#### [Task instructions]
What is needed is an exact reproduction of the lines in the records below, starting at the line with "Aibkhk Fashion Women" and ending at the line with "Энергетический напиток Крым", both included, and nothing else; pictures stay out.

++++ Given data

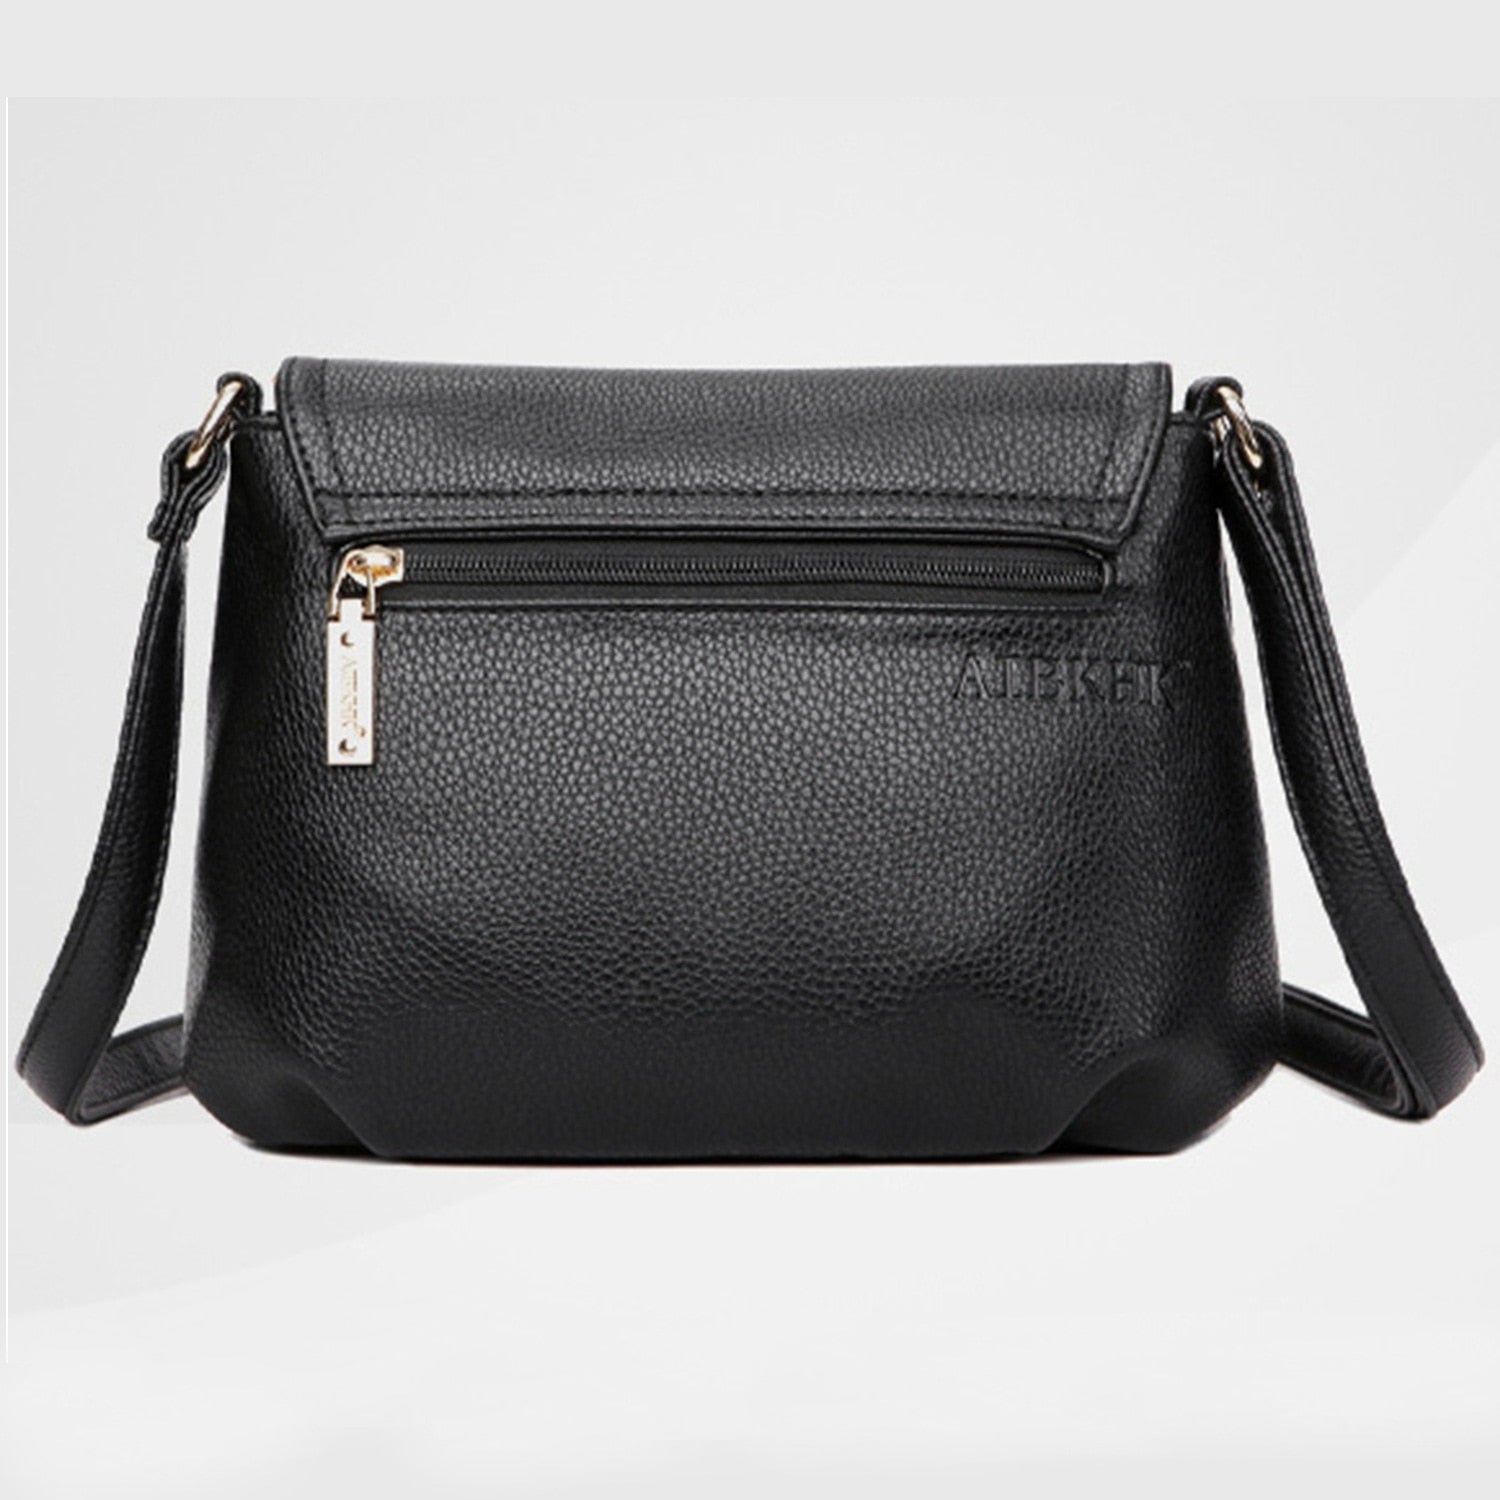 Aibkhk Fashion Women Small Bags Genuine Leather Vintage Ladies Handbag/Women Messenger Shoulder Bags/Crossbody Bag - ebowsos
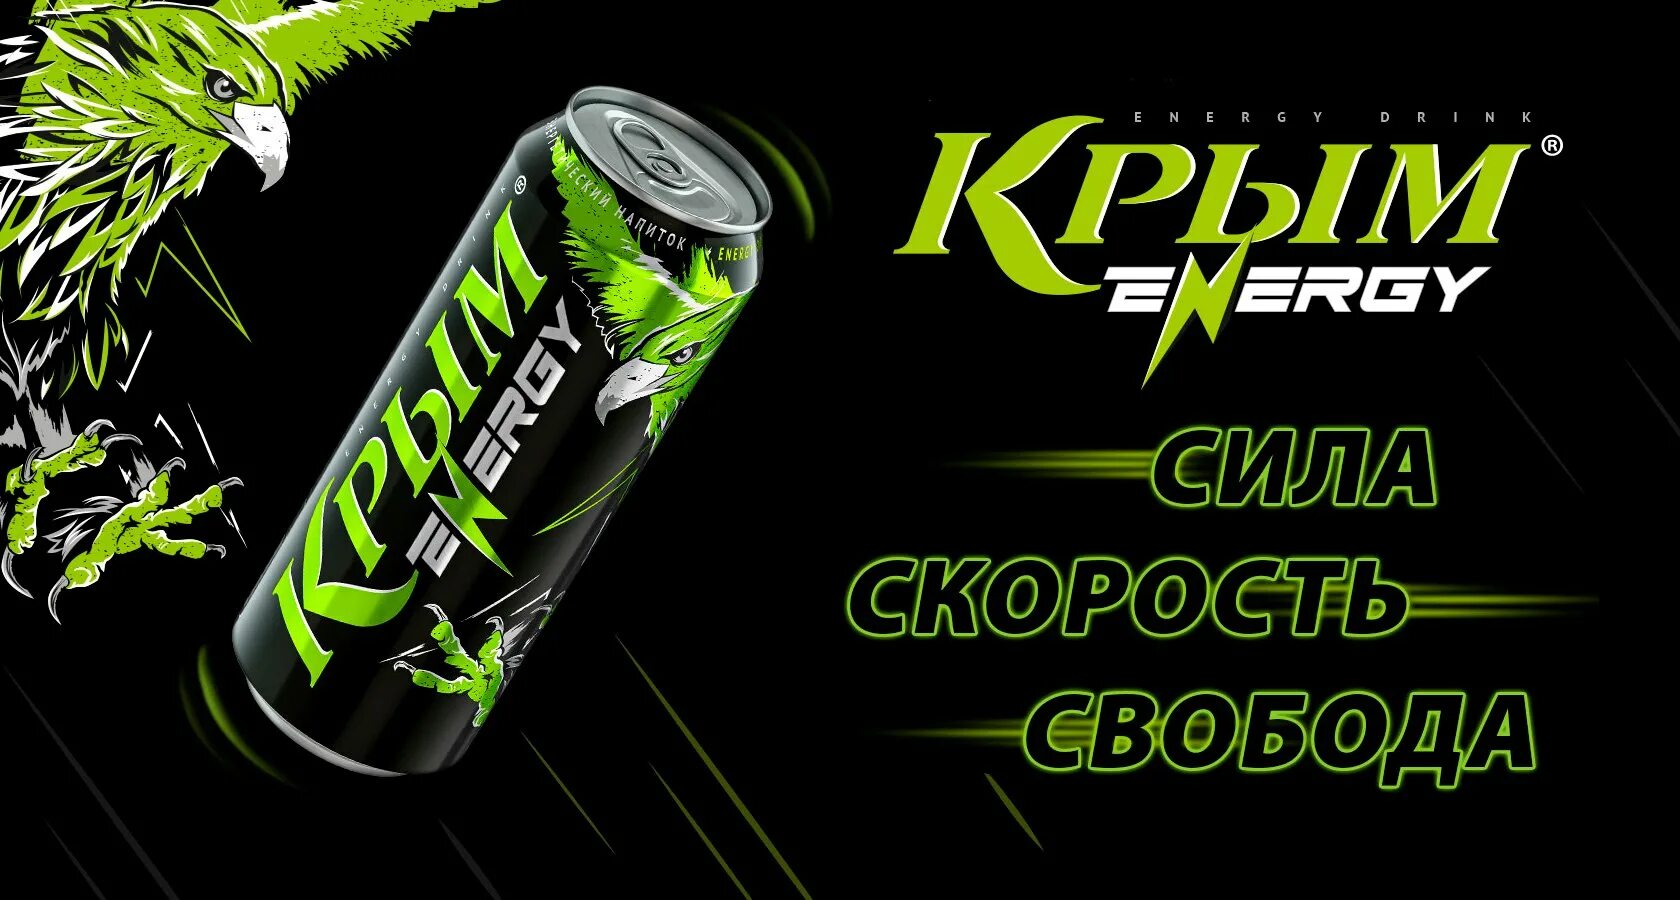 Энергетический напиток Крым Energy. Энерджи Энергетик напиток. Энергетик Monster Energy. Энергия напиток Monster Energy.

++++++++
++++ Given data

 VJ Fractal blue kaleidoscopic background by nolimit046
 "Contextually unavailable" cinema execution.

++++++++
++++ Given data

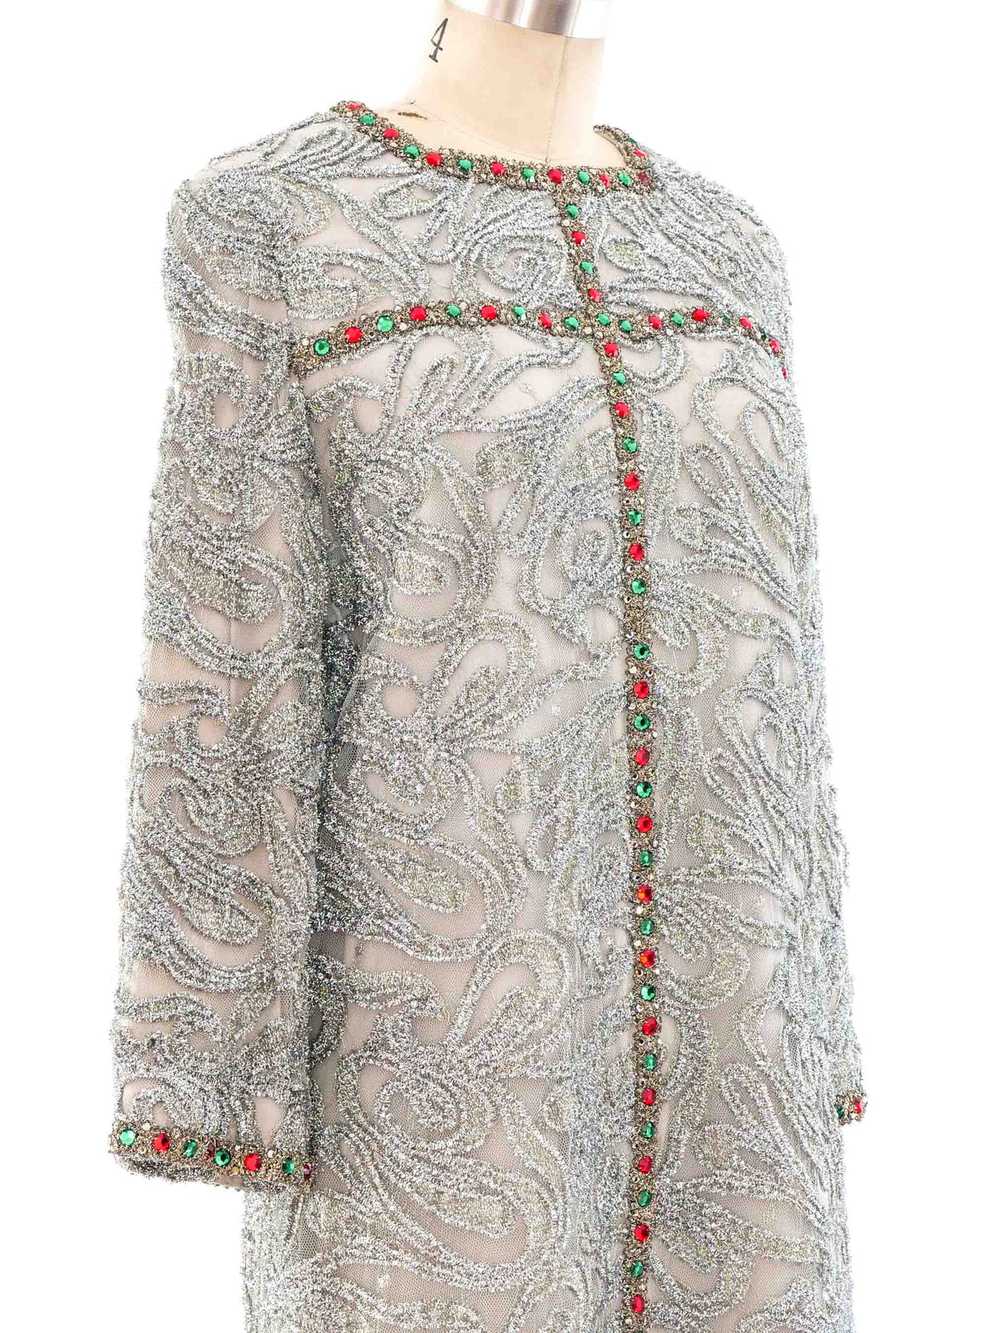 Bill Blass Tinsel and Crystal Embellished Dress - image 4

++++++++

#### [Task response]
 Aibkhk Fashion Women Small Bags Genuine Leather Vintage Ladies Handbag/Women Messenger Shoulder Bags/Crossbody Bag - ebowsos
 Энергетический напиток Крым Energy. Энерджи Энергетик напиток. Энергетик Monster Energy. Энергия напиток Monster Energy.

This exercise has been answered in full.